De fait, il est vraiment petit, surtout avec un objectif rentrant (comme le Zorki 1c que je vous ai présenté il y a peu). Il est en tout cas moins grand que le M3 qui lui succède. Il est léger : tout nu, il pèse 432gr (contre 592 pour le M3) et avec un Jupiter 3, il fait 582 gr sur la balance. Enfin, il est silencieux, juste un clic un peu sourd.

Comparaison de tailles : derrière à gauche, le Leica M3 et à son côté, le Leica M5; devant, le Zorki Ic et le Leica IIIf

Une bien belle machine à faire des photos et à rêver …

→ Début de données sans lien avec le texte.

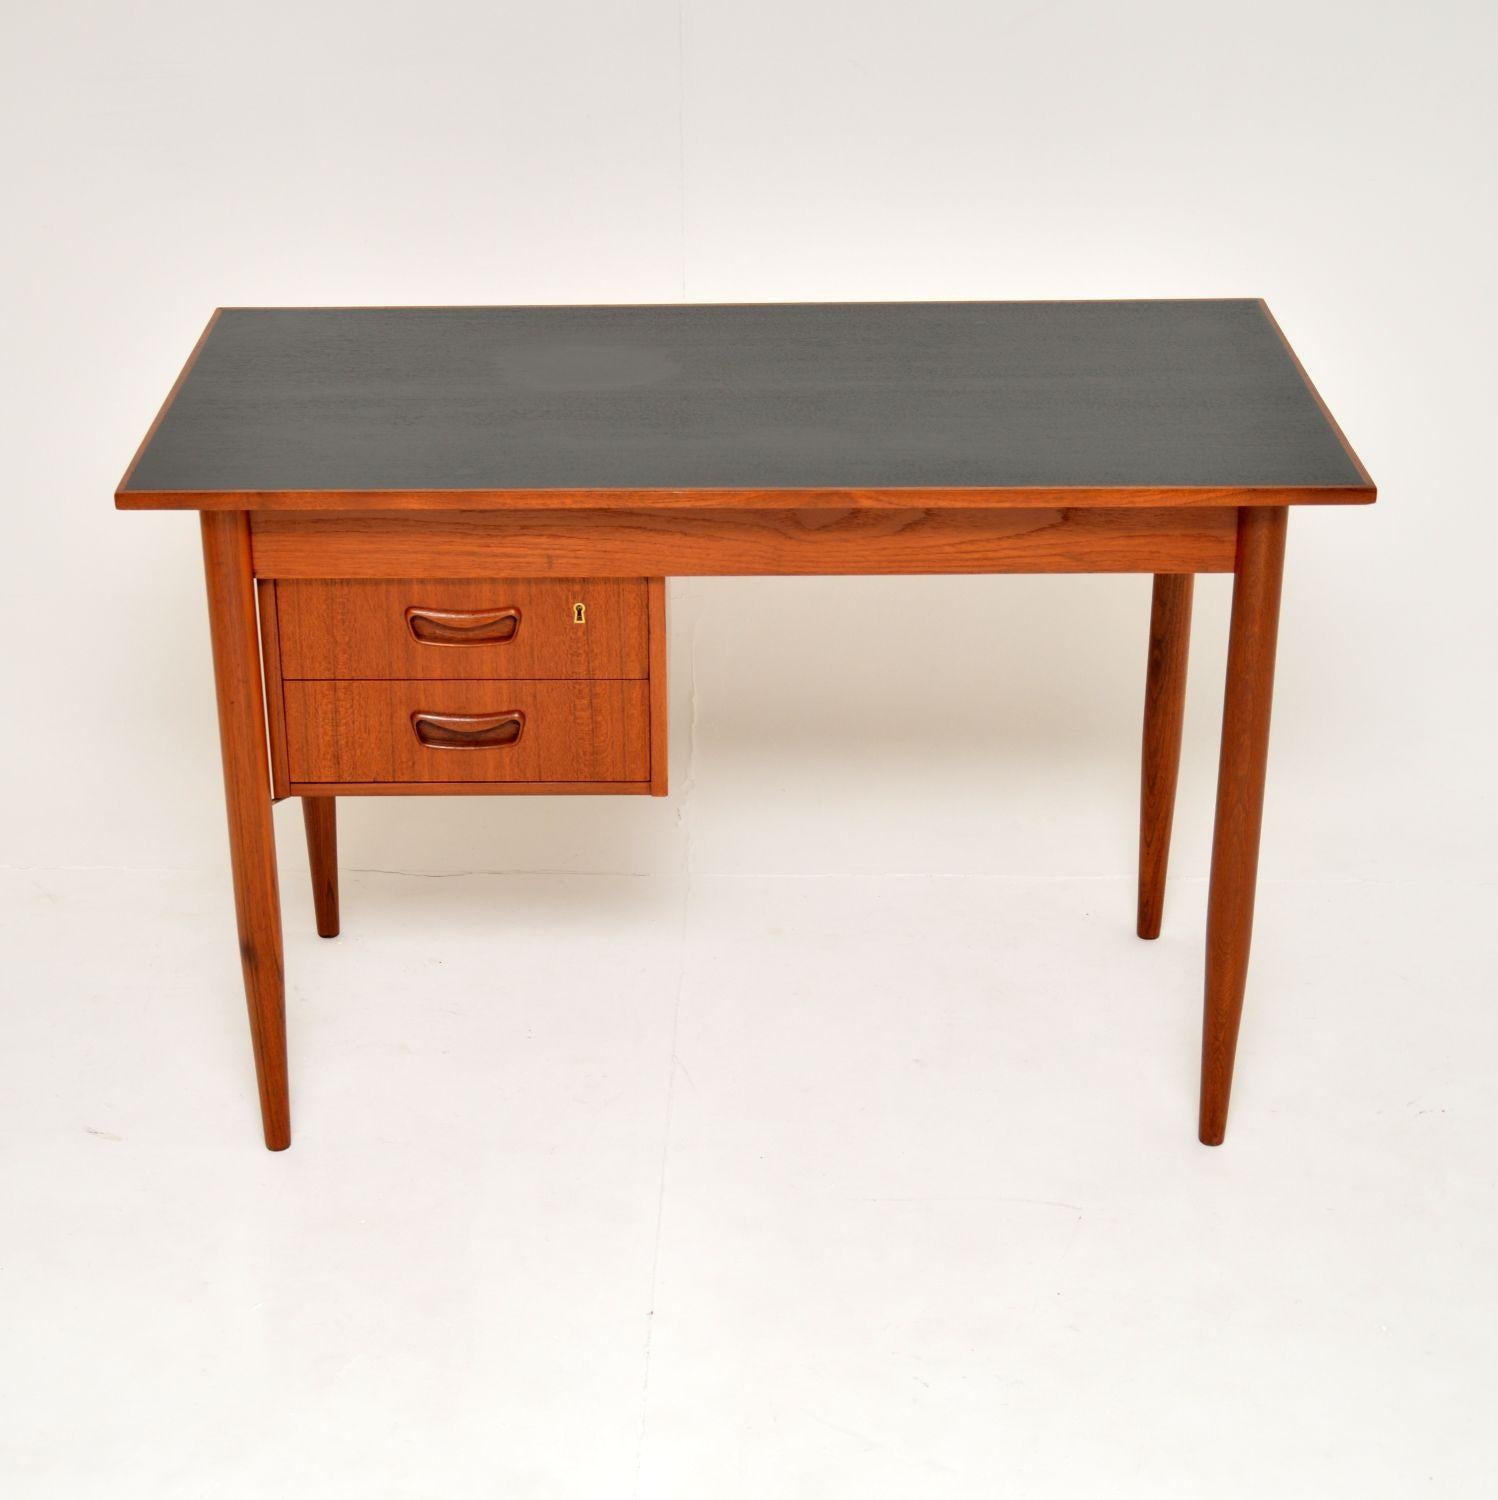 A sleek and stylish Danish vintage teak desk. This was designed by Gunnar Nielsen for Tibergaard, it dates from the 1960’s.

It is of useful proportions and is of excellent quality. The top is ebonised, the rest of the desk is finished in

Ceci étant, la qualité de fabrication, qui est bien réelle, à son revers : à moins d’être un excellent bricoleur, patient, méticuleux, il est difficile de démonter un Leica IIIf, ne fut-ce que pour nettoyer le télémètre qui, avec les années, peut devenir un peu moins lumineux. Vous verrez quelques tutos à ce sujet sur la grand toile. Par comparaison, démonter un Zorki Ic est (presque) un jeu d’enfant et bien plus facile. Et pourtant, le Zorki Ic ne démérite pas au niveau qualité de fabrication. Pour la petite histoire, le SAV de Leica peut encore vous assurer l’entretien et quelques réparations sur ces vieux appareils. Costaud je vous disais …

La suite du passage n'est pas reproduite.